FCA Sustainability Disclosure Requirements and investment labels regime
The anti-greenwashing rule – which applies to all UK authorised firms from 31st May 2024 – requires that sustainability-related claims about a firm’s products and services must be fair, clear, and not misleading.
Pursuant to the Guidance (FG24/3), the FCA’s expectations are that sustainability references should be:
- Correct and capable of being substantiated;
- Clear and presented in a way that can be understood;
- Complete – i.e. important information should not be omitted or hidden, and should consider the full life cycle of the product; and
- Fair and meaningful in their comparisons to other products.
The FCA have also published a consultation paper ‘Extending the SDR regime to Portfolio Management’. In this Consultation the FCA proposed extending the regime to those firms who perform portfolio management services. ‘Portfolio management services’ for this purpose includes managing investments (i.e. with discretion) or advising on investments or managing investments on a recurring or ongoing basis. However, given that the proposed scope “…does not include services where the clients are based overseas (i.e., those that either normally reside outside of the UK or have their registered office (or head office) outside of the UK). It also does not include portfolio management provided to a client that is a fund, or an Alternative Investment Fund Manager or management company for or on behalf of a fund (i.e., where the portfolio manager acts as a delegate)…” we have not explored this development in detail in this edition, but suffice it to say that the requirements largely mirror those introduced for asset managers in November 2023.

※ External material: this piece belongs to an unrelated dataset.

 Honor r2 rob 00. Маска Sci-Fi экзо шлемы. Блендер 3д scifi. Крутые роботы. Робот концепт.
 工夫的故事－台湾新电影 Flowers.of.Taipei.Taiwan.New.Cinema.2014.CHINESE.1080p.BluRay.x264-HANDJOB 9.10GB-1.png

What next? Make sure marketing material has been reviewed for compliance with the new rule. This includes websites, pitch books, investor newsletters, DDQs etc
In other news –
Financial Crime Guide:
The FCA are proposing to update their Financial Crime Guide update with a focus ensuring robust and appropriate on governance arrangements within regulated firms to mitigate financial crime risk. This includes encompassing senior management accountability and oversight of outsourced functions. The updated guidance will also include the significance of transaction monitoring as a fundamental and necessary control.
What next? More to come on this from us and its impact once the FCA publish their amended text.

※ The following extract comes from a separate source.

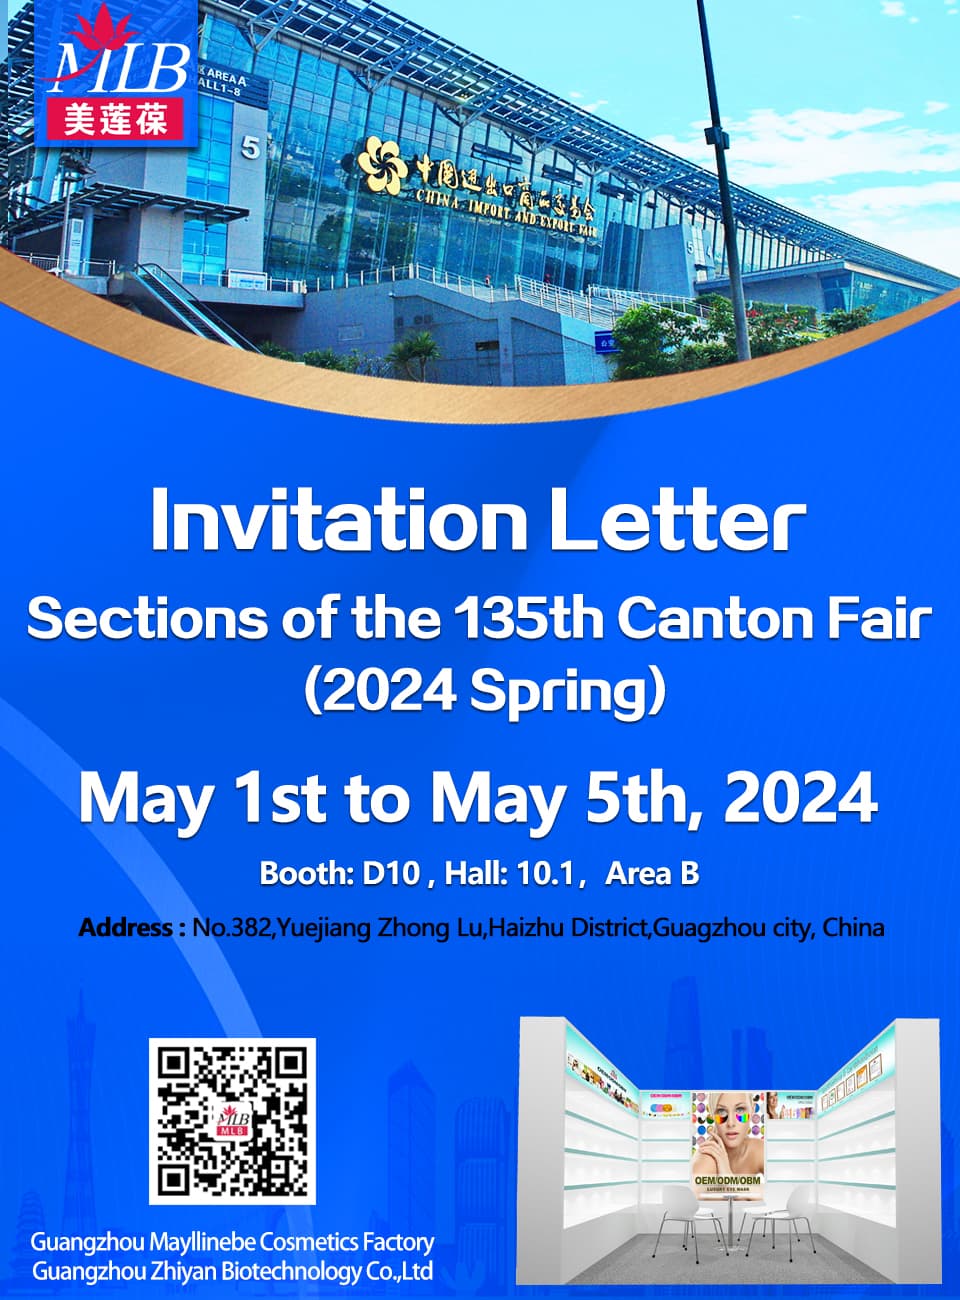 Mayllinebe nimmt an der 135. Canton Fair teil (Frühjahr 2024)

Financial Resilience Survey
Finally, the FCA’s financial resilience survey, pulled together nearly 14,000 responses (as of November 2023). including 1660 responses from the buy side, including alternatives and asset management firms.
Among other statistics, buy side firms reported the highest:
- Expected cash inflows (median) at c. £700k, and the highest estimated cash needs at c. £526k based on forward looking estimated for a three-month period. This led to the highest expected cash inflows less estimated cash needs (at approximately £185k)1;
- Net profit (median firm) at c. £95k2;
- Median revenue at just under £3m.
Buy side firms also had the second highest total liquidity resources (median) at c. £1m3.
Buy side firms had the second lowest percentage of firms that have negotiated extensions with creditors or delayed payments and reported the lowest take up of government backed loan schemes.
Overall, 74% of buy side firms taking part were profitable, based upon their P&L for the three months ending 29thSeptember, against a backdrop of 80% of all respondents across sectors being profitable. However, around 16% of asset management respondents expected reduced profits, with the majority of firms (approximately 57%) expecting decreases of between 1-25%.
Finally, buy side firms were, generally, neutral as to the impact of the macroeconomic environment at the time of the survey (c. 78% of respondents), with 20% feeling negative – though negative, neutral, and positive are inherently subjective – broadly agreeing to the overall all respondent consensus (72% and approximately 24% respectively).
What next? Thankfully, no actions required, but we thought it might be interesting food for thought, and perhaps something that the FCA will take as evidence that the AIFMD, MiFID and (maligned) Investment Firm Prudential Regimes are working effectively.